如果存在模式版本不一致,则可以通过运行nodetool describecluster来判断
如果您在一个节点中看到不同的版本,请执行以下具有错误版本的节点:
停止Cassandra服务/进程,通常运行:nodetool drain
sudo服务cassandra停止或杀死< pid>.
在此过程结束时,提交日志目录(/ var / lib / cassandra / commitlog)应仅包含一个小文件.
删除系统密钥空间内的Schema *和Migration * sstables(如果使用默认值,则删除/ var / lib / cassandra / data / system).
再次启动Cassandra后,此节点将注意到缺少的信息,并从其他节点之一引入正确的模式.在版本1.0.X中,在模式一次应用一个突变之前.在应用它时,节点可能会记录无法找到列族的消息,例如下面的消息.这些消息可以忽略.

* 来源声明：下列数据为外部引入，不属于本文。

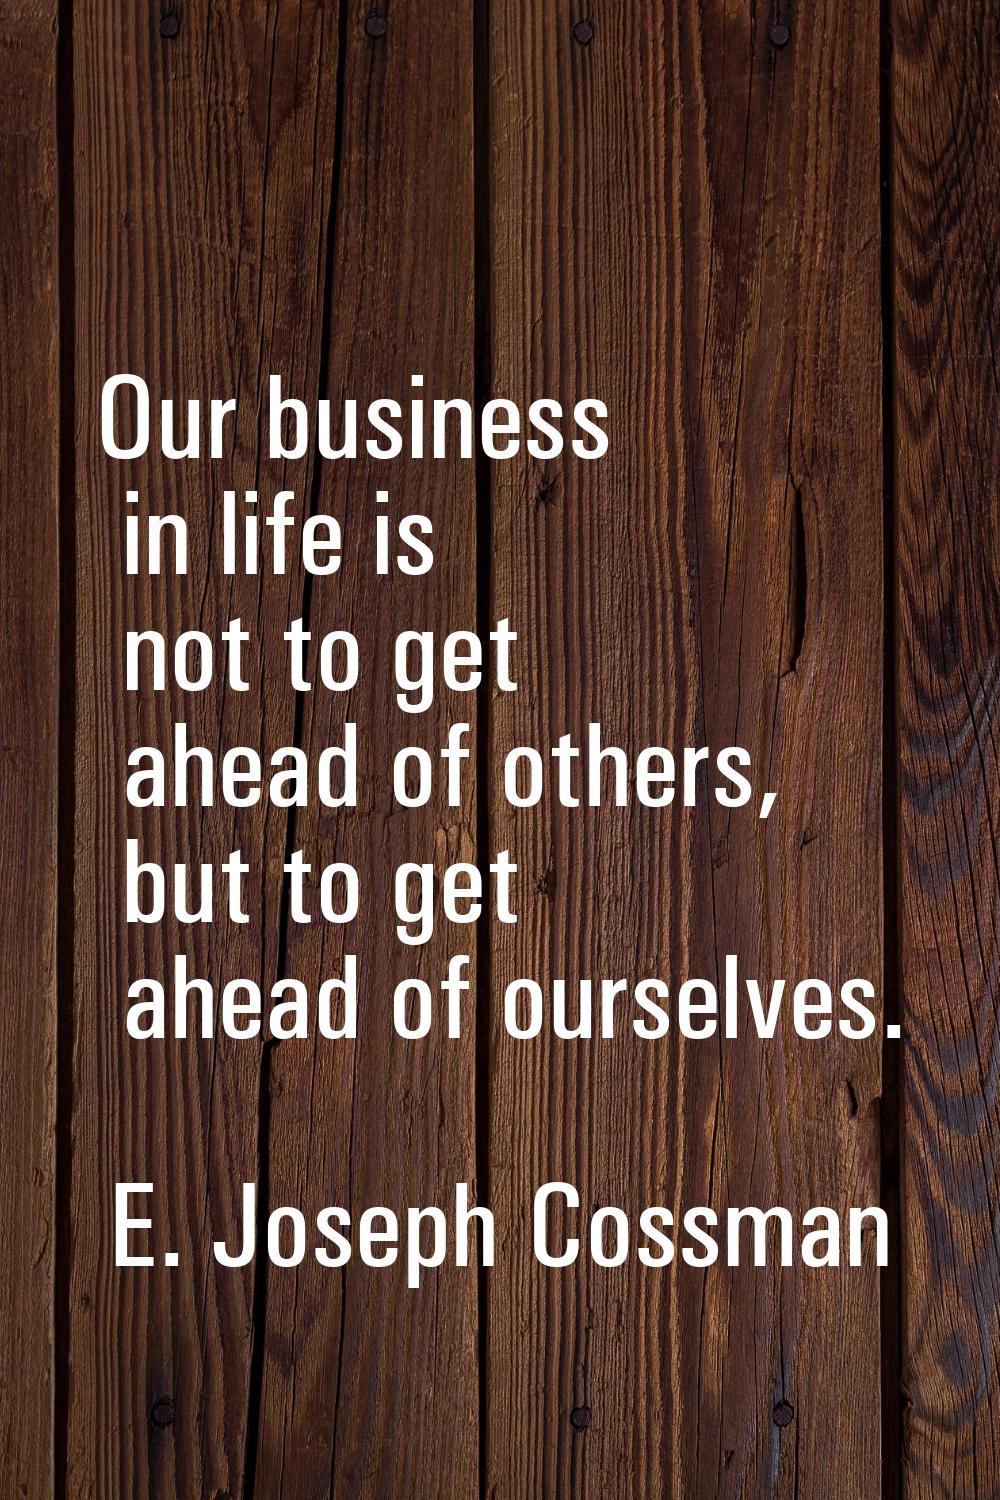 Our business in life is not to get ahead of others, but to get ahead of ourselves.

ERROR [MutationStage:1] 2012-05-18 16:23:15,664 RowMutationVerbHandler.java (line 61) Error in row mutation org.apache.cassandra.db.UnknownColumnFamilyException: Couldn't find cfId=1012 To confirm everything is on the same schema, verify that 'describe cluster;' only returns one schema version.